Education

Teaching Assistant

IOB4-T3 Machine Learning for Design

2023-2024
Machine learning (ML) is a computational approach that aims at “giving computers the ability to learn without being explicitly programmed” (A. Samuel, 1959). To meaningfully envision and design future iPSSs that is beneficial and useful to people and society, designers must engage with the details of how ML systems “see” the world, “reason” about it, and interact with it; experience the quirks, biases, and failures of ML technology; contend with how agency, initiative, trust, and explainability mediate the interaction between human and iPSSs; and understand how functionalities enabled by ML can be designed in iPSSs. Students in this course will gain practical experience with ML technology and learn how to think critically of what ML systems can do, and how they could and should be integrated into iPSSs.

CS4145 Crowd Computing

2022-2023
Crowd Computing is an emerging field that sits at the intersection of computer science and data science.
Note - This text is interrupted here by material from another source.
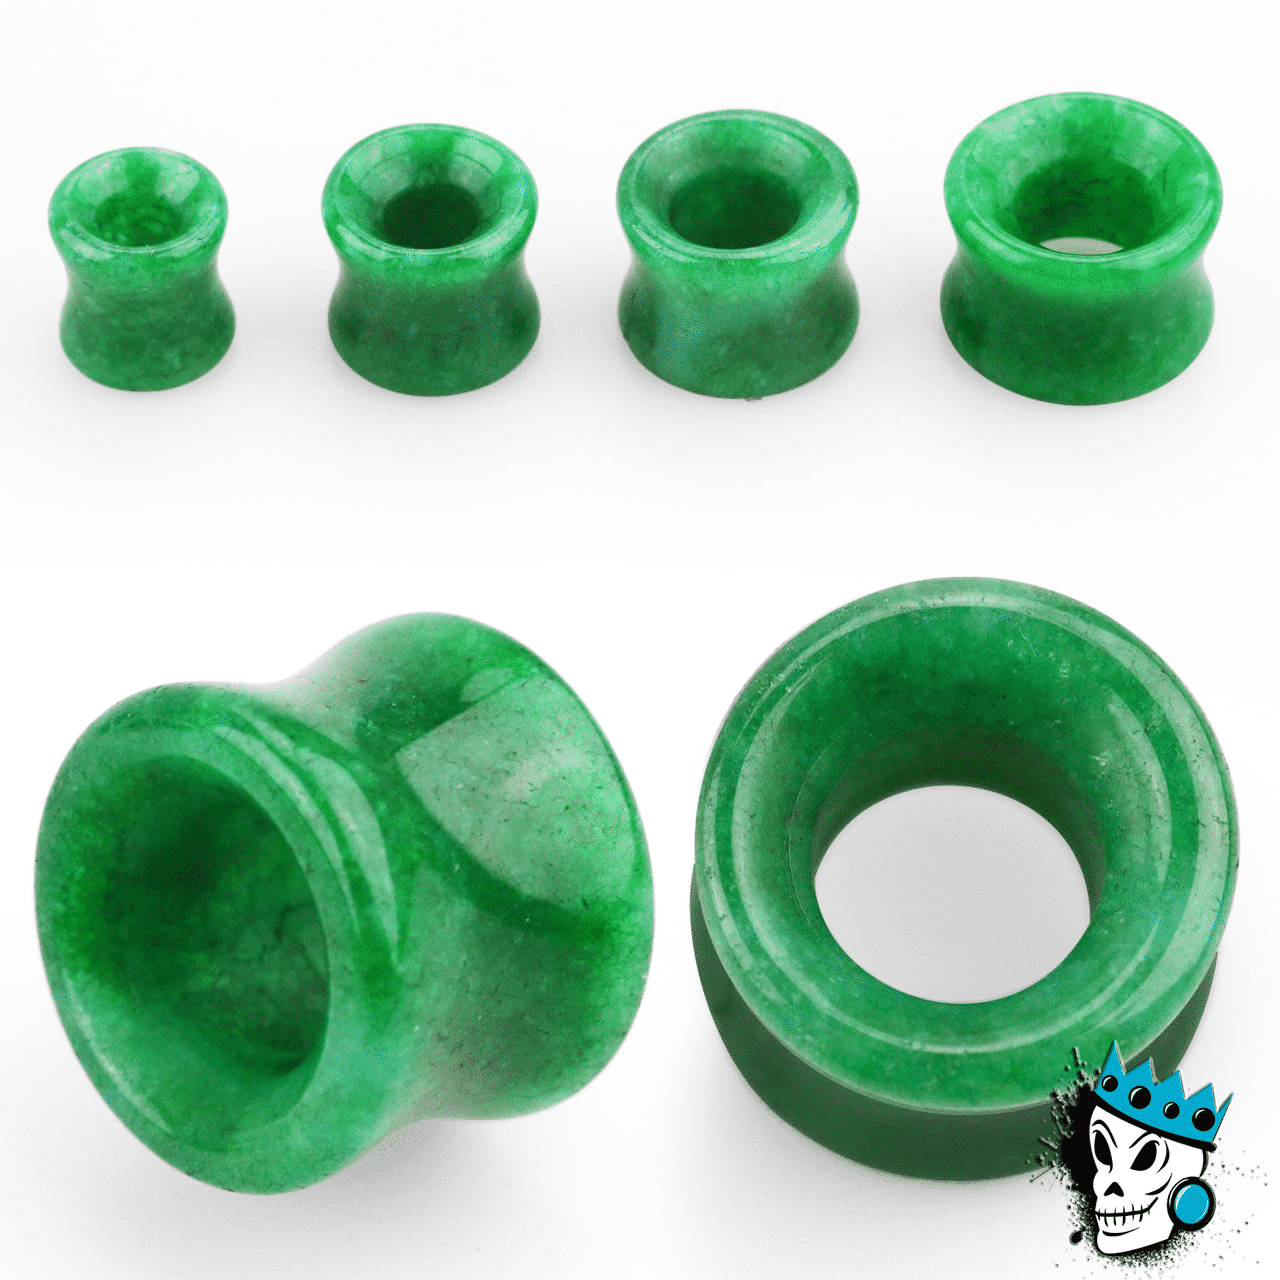 Green Jade Stone Concave Tunnels (2 gauge - 13/16 inch)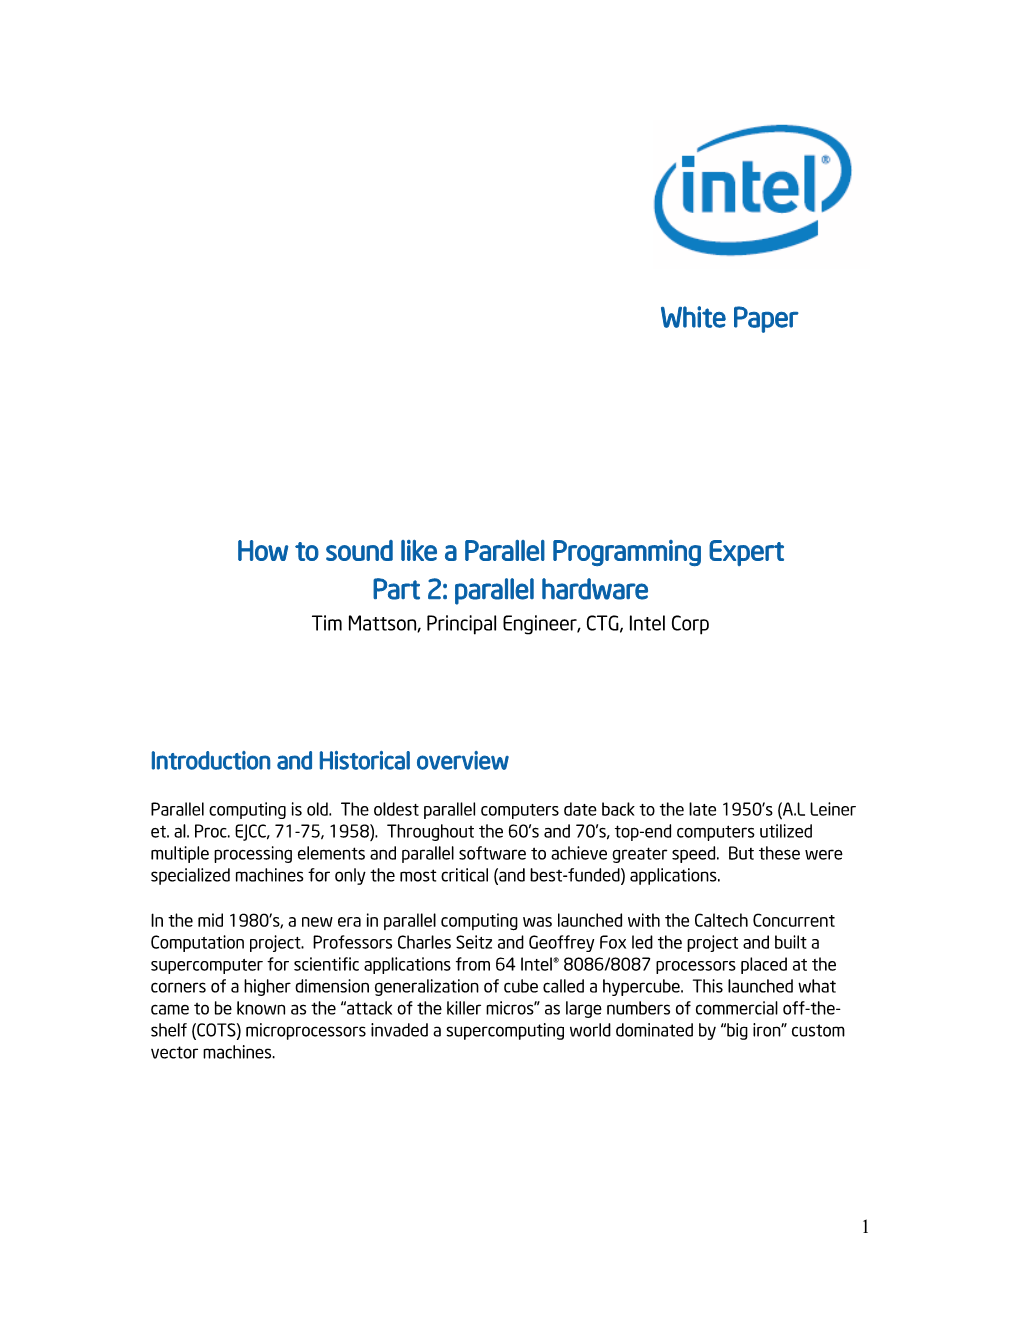 White Paper How to Sound Like a Parallel Programming Expert Part 2

Crowd computing studies how large groups of people can solve complex tasks that are currently beyond the capabilities of artificial intelligence algorithms, and that cannot be solved by a single person alone. It involves algorithmically engagement and coordination of people by means of Web-enabled platforms. These complex tasks are mainly focused on the creation, enrichment, and interpretation of data, making crowd computing a building block of data science.

Guest Lectures

  • [2023] ID5417 Artificial Intelligence and Society. Understanding Procedural Justice in Algorithmic Decision-Making. What are the Implications in Practice?
  • [2023, 2024] ID5235 Interdisciplinary AI Research Methods. Value-driven Design of Algorithmic Systems
  • [2022] AI, Design and Ethics. Encoding Values in Artificial Intelligence Design

  • Master Theses

  • [2022-2023] Elucidating a ‘black-box’ transcends explaining the algorithm. Miny Rajiv. This thesis has been turned into a full paper and is under review.